Classification of Cardiomyopathies



Classification of Cardiomyopathies: Introduction





Cardiomyopathies are an important and heterogeneous group of diseases for which an understanding in both the public and medical community has historically been impaired by confusion surrounding definitions and nomenclature. Classification schemes, of which there have been many,1-8 are useful in defining and drawing relationships or distinctions between these complex diseases for the purpose of promoting greater clarity. Indeed, the precise language of these diseases is profoundly important.






However, many classifications in the literature are to some degree contradictory in design, and indeed none of the proposed schemes can be regarded as ideal (including the most recent and contemporary one presented here). The dilemma is caused by the heterogeneity in the presentation of this diverse group of diseases. A previous prominent classification of cardiomyopathies (1995) was represented in a very brief document under the auspices of the World Health Organization (WHO).1 However, with the identification of new diseases over the past decade, and dramatic advances in cardiovascular diagnosis and knowledge regarding etiology, some disease definitions have become outdated and the WHO classification rendered essentially obsolete. Indeed, the past several years has witnessed a rapid evolution in the molecular genetics of cardiology.9-14 In particular, ion-channelopathies have emerged as conditions predisposing to potentially lethal ventricular tachyarrhythmias, caused by mutations in proteins leading to dysfunctional sodium, potassium, calcium, and other ion channels.

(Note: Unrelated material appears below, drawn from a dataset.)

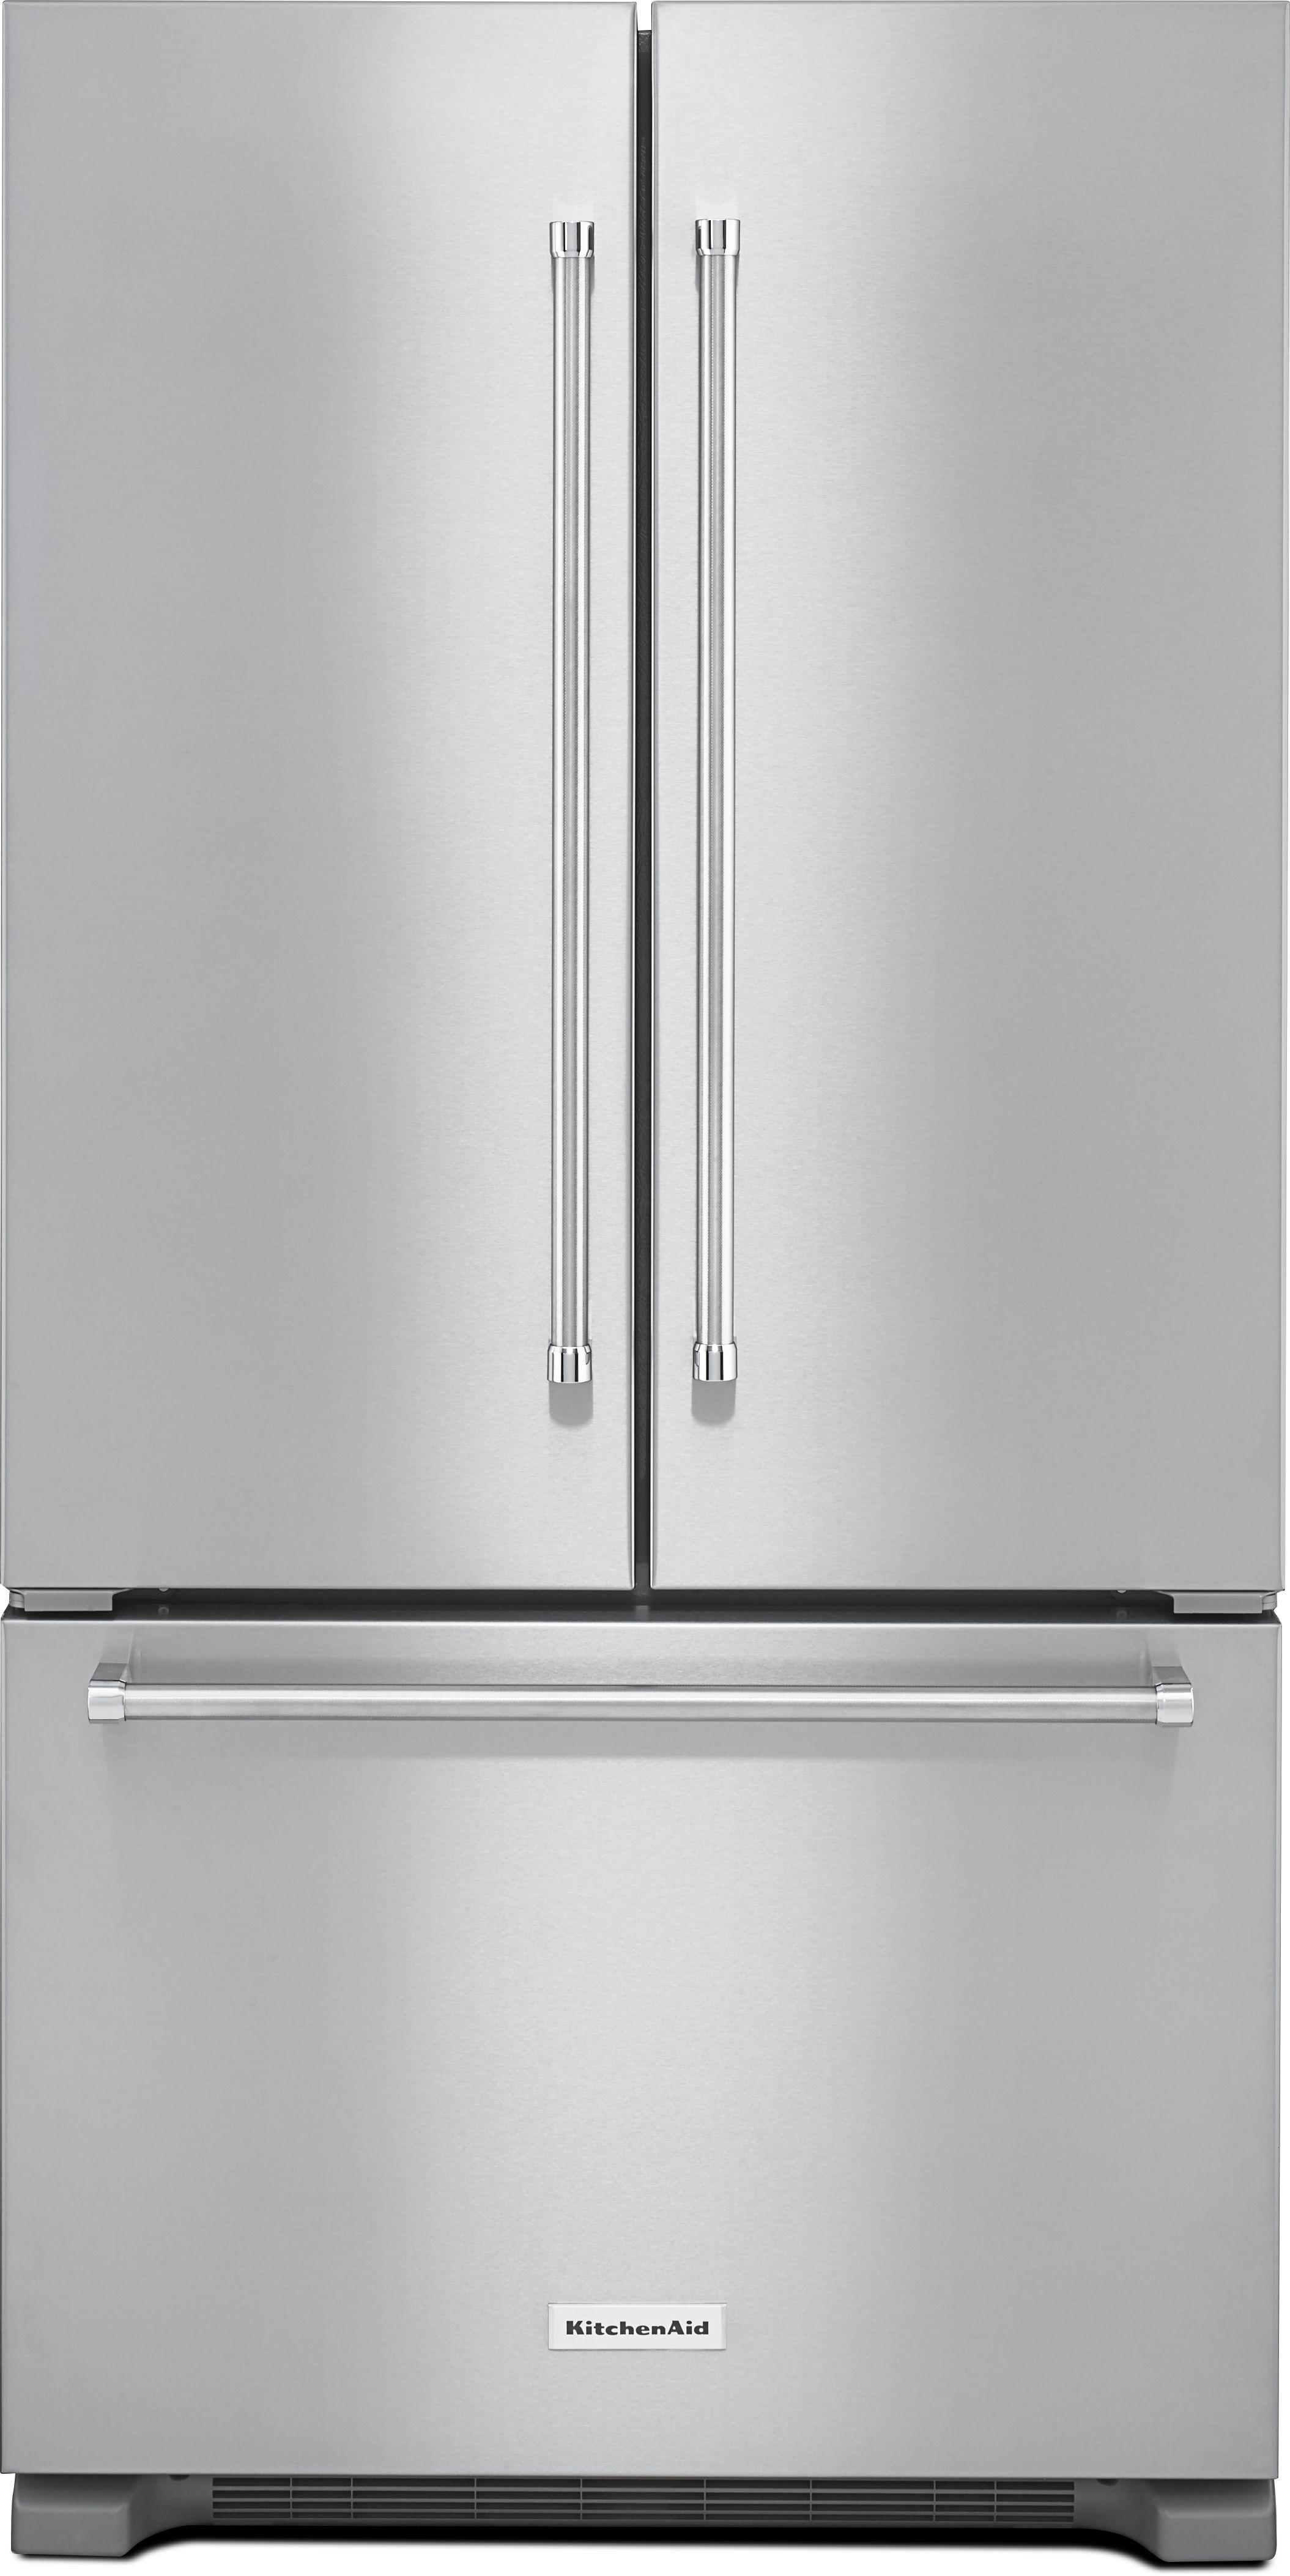 Ft. French Door Refrigerator Stainless Steel KRFC302ESS

Recently, under the auspices of the American Heart Association, a contemporary classification of cardiomyopathies has been presented,15 relying substantially on recent advances in the characterization of diseases affecting the myocardium.16-18 The new classification scheme affords a large measure of clarity to this area of investigation and facilitates interaction among the clinical and research communities in assessing the diagnosis, prognosis, and management of these complex diseases. This classification takes the place of the WHO document, but as new data emerge it also will undoubtedly require further review and revision.






The contemporary definitions of cardiomyopathies presented here are in concert with the molecular era of cardiovascular disease7 and have direct clinical applications and implications for cardiac diagnosis. However, the classification is a scientific presentation which does not provide methodologies or strategies for clinical diagnosis, nor is it directly applicable to management decisions for patients.






General Considerations





Historical Context



The definition and classification of heart muscle diseases has seen a notable and evolving history. For example, chronic myocarditis was the only recognized cause of heart muscle disease in the 1850s.2 In 1900, the designation of primary myocardial disease was first introduced. However, it was not until 1957 that the term cardiomyopathy was used for the first time. Over the next 25 years, a number of definitions for cardiomyopathies were advanced in concert with an increasing awareness of the nature of these diseases. Indeed, in the original WHO classification,3 cardiomyopathies were defined only as, “heart muscle diseases of unknown cause,” seemingly primitive by today’s standards, and reflecting the paucity of information available regarding etiology and basic disease mechanisms. The most recent WHO definition of cardiomyopathies (1995)1 is, “diseases of myocardium associated with cardiac dysfunction,” and includes newly recognized arrhythmogenic right ventricular cardiomyopathy/dysplasia (ARVC/D) and primary restrictive cardiomyopathy for the first time and, among unclassified cardiomyopathies, noncompacted left ventricular myocardium.






Pitfalls



The diverse cardiomyopathy classifications presented through the years have been designed either for clinicians or biomedical scientists, based on a variety of premises, including etiology, anatomy, physiology, primary treatments, method of diagnosis, biopsy histopathology, and symptomatic state of patients. Although the objective is a classification scheme that can be appreciated by (and can be of use to) all interested parties and disciplines, it is acknowledged that each of the proposed definition and classification constructs have shortcomings. Indeed, it is a reality that no past, present, or future classification of cardiomyopathies is likely to satisfy the purposes of all interested parties.



In particular, the popular hypertrophic-dilated-restrictive cardiomyopathies classification has major limitations by virtue of mixing anatomic designations (ie, hypertrophic and dilated) with a functional one (ie, restrictive). Consequently, confusion frequently arises when the same disease could legitimately appear in two or even three of these categories. Furthermore, such a classification fails to consider the heterogeneous clinical expression and natural history now recognized for many of these diseases. For example, hypertrophic cardiomyopathy (HCM), as well as infiltrative and storage cardiomyopathies are characterized by substantial left ventricular (LV) hypertrophy with increased wall thickness in the absence of ventricular dilatation. These conditions are also frequently associated with restriction to diastolic filling, while purely restrictive forms of cardiomyopathy (without LV hypertrophy) are exceedingly rare. Investigation into the genetic basis of HCM and other cardiomyopathies has led to the identification of individuals with a disease-causing mutation, who nevertheless are without evidence of LV hypertrophy (ie, HCM without hypertrophy). Dilated forms of cardiomyopathy show a considerably increased cardiac mass (ie, weight) with myocyte enlargement indicative of cardiac hypertrophy, although absolute LV wall thicknesses are normal. The end-stage phase of HCM may incorporate hypertrophic and dilated, as well as restrictive components.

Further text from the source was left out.